Growing up on the cusp of car domination

Growing up on the cusp of car domination

Sydneysider: A personal journey

About 1955, when I was just seven, I started using public transport on my own. These days, such a thing would almost be evidence of child neglect, but half a century ago it was considered quite normal. People had no alternative but to trust their children to the system.

At that time my father, who had contracted a terrible case of tuberculosis in the UK during his war service, spent several months in Concord Repatriation Hospital. It was a repeat visit. He’d been shipped home in 1944 and, because of the damage to his spine, he’d ended up flat on his back in a full-torso plaster cast for about three years.

We had recently moved into a new house in Edgar Street Strathfield and mum visited dad in hospital almost every day. We were fortunate enough to own a car – a big forest green Ford V8 – but mum had never learned to drive. So the trip meant catching the 408 from the end of our street to the south side of Strathfield station, and then crossing to the north side to catch the 458 that ran along Concord Road to the hospital.

After we’d done this a few times, Mum wrote “458” on a piece of paper (in case I forgot), gave me the fare for the two buses and packed me off on my own. She followed on the next bus half an hour later. It all went off without any dramas and this trip became a routine.

Not long after, I had to make several visits to the family dentist whose surgery was on Concord Road, so I was despatched there on all on my own after school. Of course I hated going to the dentist (this was before dental anaesthetics and even the high-speed drill) so mum used to bribe me with enough change to buy a little toy farm animal from the hobby shop right across the road from the surgery.

When I was a bit older I travelled at least once, on my own, (and again preceding mum) to visit Aunt Dolly who ran the Pickwick Lending Library in Clovelly. This involved bus to Strathfield, train to Central then tram to Clovelly. I must have been eight, because the Clovelly tram was closed down in 1957.

The tram trip (route 15B) made a huge impression on me. We didn’t have trams out in Strathfield. To travel on this odd little train that ran through streets of ancient two and three storey houses (we hardly did two-storey either in Strathfield!) sparked a sense of fascination. Who lived, I wondered, in these strange houses with their wonderful iron lacework balconies? And then, at Anzac Parade, the tram shifted from the road and ran on its own track, seemingly through grassy fields. Further east, it diverged from the streets again to pass along its own mysterious rights-of-way.

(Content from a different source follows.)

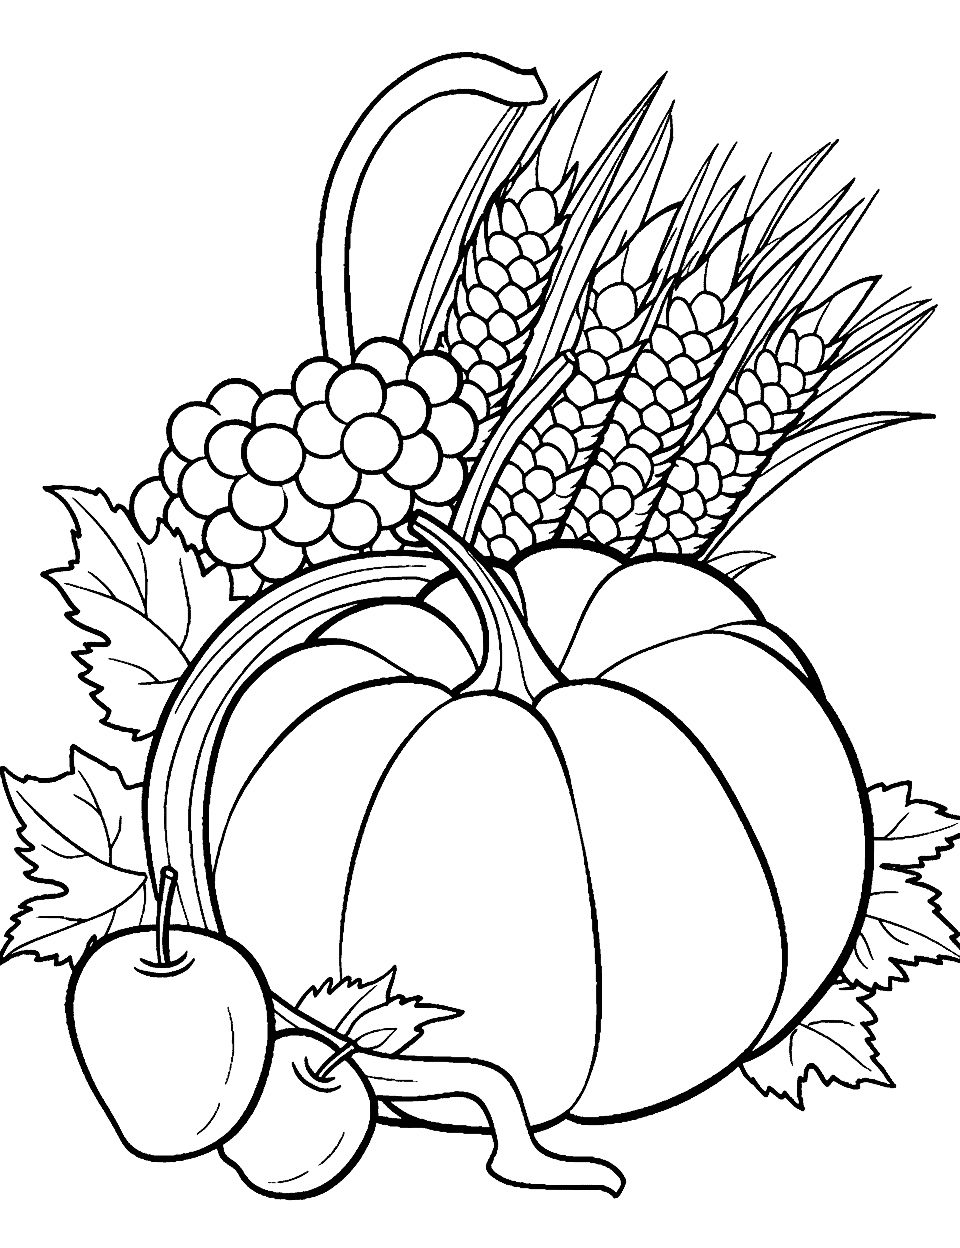 Simple Preschool Cornucopia Thanksgiving Coloring Page - A basic, easy-to-color cornucopia filled with fall harvest fruits and vegetables.

Looking back, we can see that in 1955 Sydney was on the cusp of a relentless road to automobile domination. In that year the average Australian only travelled about 3000 kilometres by motorised road transport. But the post-war explosion in car ownership had taken off and in the decade from 1950 to 1960 registrations increased by 131 per cent.  Today, the tide of history is flowing in the opposite direction. Per capita vehicle kilometres traveled reached a historic peak – just short of 11,000 kilometres annually – in 2004 when petrol hit 90 cents a litre. They’ve declined ever since, and are now back to the levels of the early 1990s. In 1955, in NSW, there were around 300,000 registered cars for 3.5 million people, which is one for every eight and a half people. Now it’s almost one for two, although the number of people per car is starting to rise.

Around 1958 a few of my friends got bikes and I asked if I could have one too, but my parents refused point-blank. Public transport was one thing, but bikes – which they’d both grown up with – were now far too dangerous for kids. Their attitude reflected a grim reality. At the Babcock and Wilcox factory, where my father started work as a draughtsman in 1952, there were racks for three or four hundred bicycles, but by the mid fifties they were rapidly emptying. No doubt there had been many tragic accidents and what had been a much more common mode of conveyance than the private car was disappearing from the streets.